Body: A deceased liver donor was re-typed by NGS at the Barnes-Jewish Hospital (BJH) HLA lab after the organ was transplanted, as the local standard of care to verify the deceased donor HLA typing and to facilitate donor-specific antibody (DSA) analysis at the allelic level. The donor was initially typed at a local OPO lab by real-time PCR using both LinkSeq and QTYPE assays. The HLA type reported at the time of organ allocation was A2, A3; B7 (Bw6), B51 (Bw4); Cw7, Cw7; DRB1*04:02, DRB1*11. The NGS typing at BJH was performed using the AllType 11-loci assay on the Ion Chef/Ion S5/TypeStream Visual platform, which showed a discrepant HLA-B genotype: B*07:02 (Bw6) and B*51:11N. All health metrics of the NGS typing were satisfactory.
Based on reference sequences from the IPD-IMGT/HLA database, B*51:11N differs from B*51:01:01:01 by an extra C inserted after a homopolymer of 6C in exon 4 (Figure 1). We attempted to verify the NGS result using the SSO LABType CWD B-locus typing assay. Two probes (Bead#777 and Bead#629) can potentially distinguish the two alleles with expected hybridization patterns shown in Figure 2 (top). However, both beads were positive, so neither allele seems to fit exactly. Bead#777 fell in a region where the reference sequence is missing for the B*51:11N allele in the database (Figure 2, bottom). After excluding Bead#777 from the FUSION analysis, B*51:11N was assigned by the software. Although no positive QC data was available for Bead#629 from the vendor, the hybridization signal for the 7C homopolymer region was 51, significantly higher than the cutoff of 15. Interestingly, B*51:11N was included in the string of B alleles on the LinkSeq but excluded in the string of the QTYPE results. Based on the above analyses, we reported the donor HLA-B genotype as B*07:02 (Bw6) and B*51:11N. The lab also reported the B locus discrepancy to the UNET through TIEDI (Transplant Information Electronic Data Interchange).
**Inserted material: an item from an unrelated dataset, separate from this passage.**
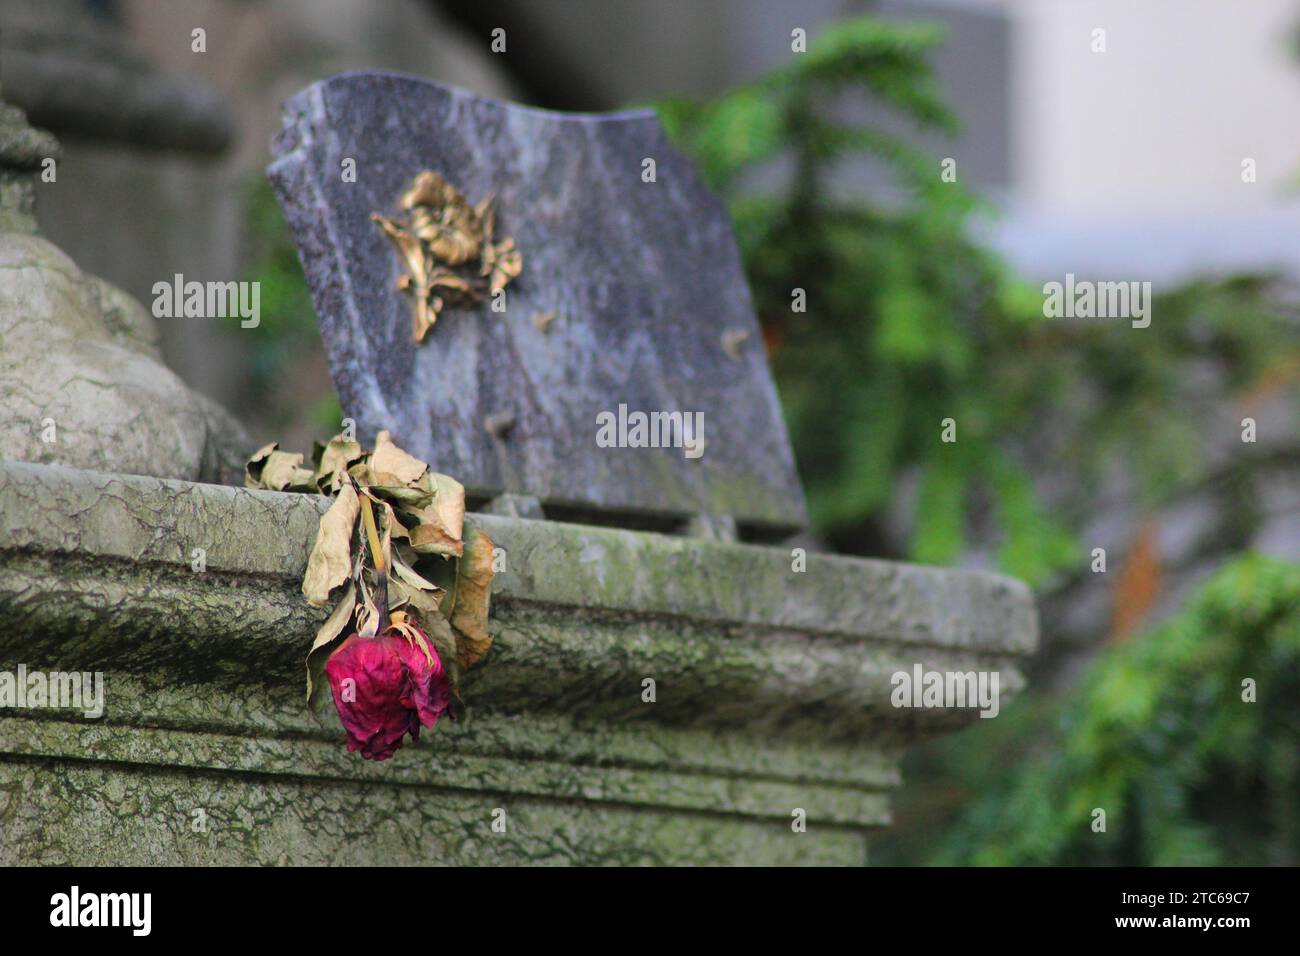 Gros plan d'une collection de pierres grises dans un cimetière, avec une rose rouge Banque D'Images

Conclusion: Deceased donor HLA typing is frequently performed by real-time PCR and reported at low-to-intermediate resolution for a rapid turnaround time. Rare null alleles may be missed with these methods, which can impact the organ allocation and/or post-transplant DSA interpretation. Such errors are difficult to detect due to the method's limitations. Confirmatory typing using a more definitive method, such as NGS, would be beneficial in this setting.